Monday, September 5, 2016

Quick Sips - Flash Fiction Online September 2016


Well Flash Fiction Online is back for September and, well, dark as hell. These are stories that concentrate on certain ideas and craft stories around them on many levels. Distillation, consumption, and flooding. Through these ideas the stories explore injustice and abuse. They explore the cycles of oppression and the weight of inheritance. They explore the burdens forced on children because they were born, because their parents lacked the power or spirit to force change. And because they are so burdened, these children often drown under the deluge of violence and inequality. To the reviews! 

Art by Dario Bijelac


Stories:

"Scent" by Maria Haskins (918 words)

Well this is a creepy little story about scent and essence. About distilling, in many ways, whether it be perfume or something…different. The story follows a child and their mother. Their mother who is not quite human, or at least not anymore. I love the way the story evokes scent and, more than that, works to uncover this system of magic and distillation, where a person's inner self can be boiled away and captured in a jar and used by the mother to change shape. It's a bit like the Oz book where the one woman can change her heads and keeps them locked away. And this story does a great job of examining how this effects the main character, how this child yearns to be free of this, to just have a mother that does not require them to take part in this. It's a rather complex tale, too, because of the emotions involved, because the child loves their mother and wants in some ways to either break the cycle or escape. And neither is really open to them, as they are small, as they are kept subservient and trapped and guarded.
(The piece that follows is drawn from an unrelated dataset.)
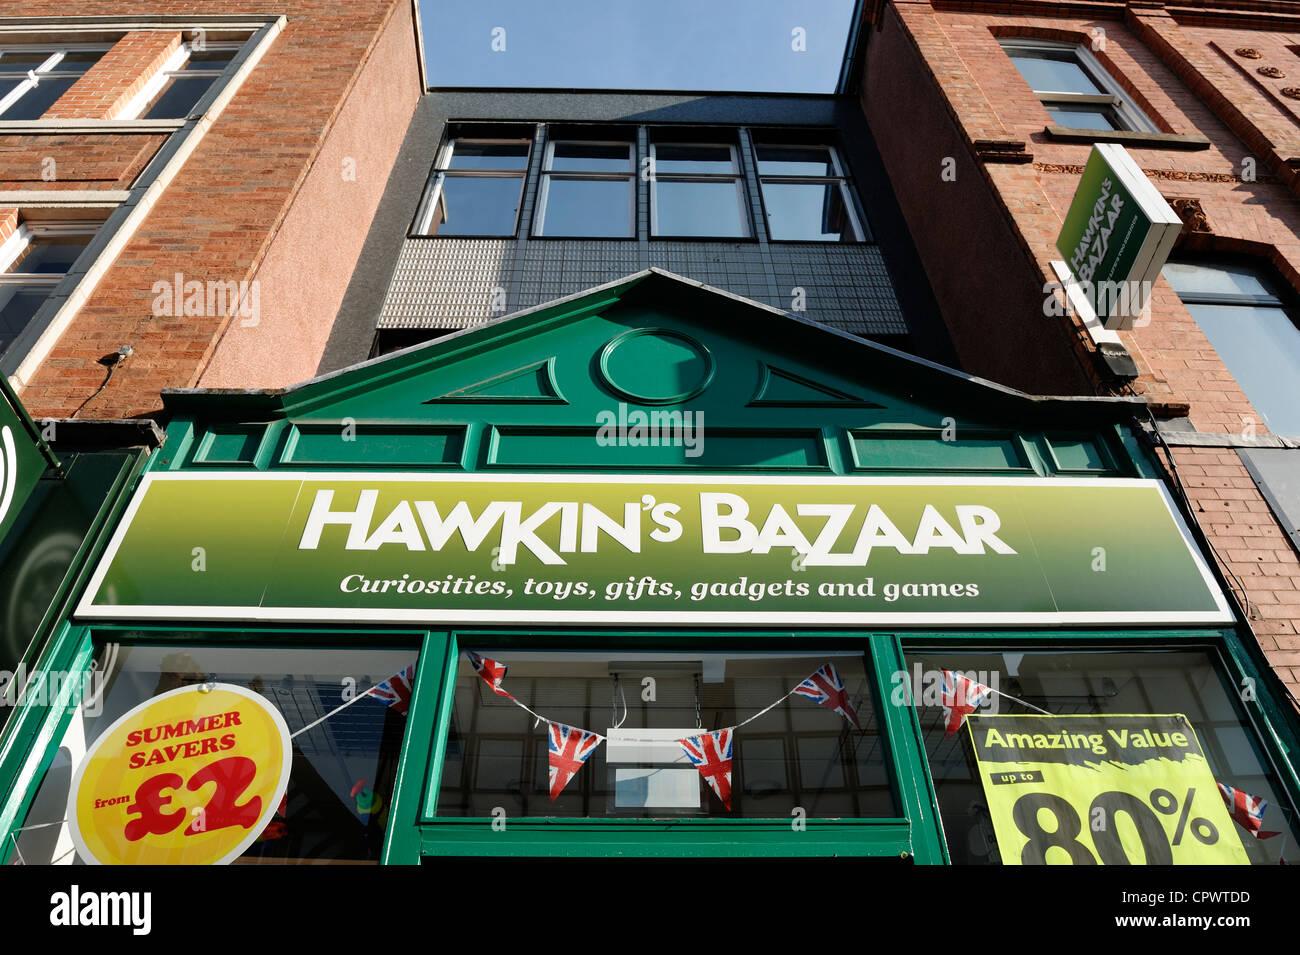 Hawkins Bazaar shop front sign - Stock Image

But there is this lurking promise to the story that gives it a nice bit of creepiness and darkness, that promise [SPOILERS] at the end that the child will be gorgeous, which sets up that cyclic feel of abuse and death. That this is something larger than the main character and their mother, something that will take more than wings to fly away from. But that the main character is building their own power. Their own will. And that there will come a day when the two have to face each other not as child and mother but as people and there might be a reckoning. It's a strong piece and a great read!

"Muse" by Nicola Belte (962 words)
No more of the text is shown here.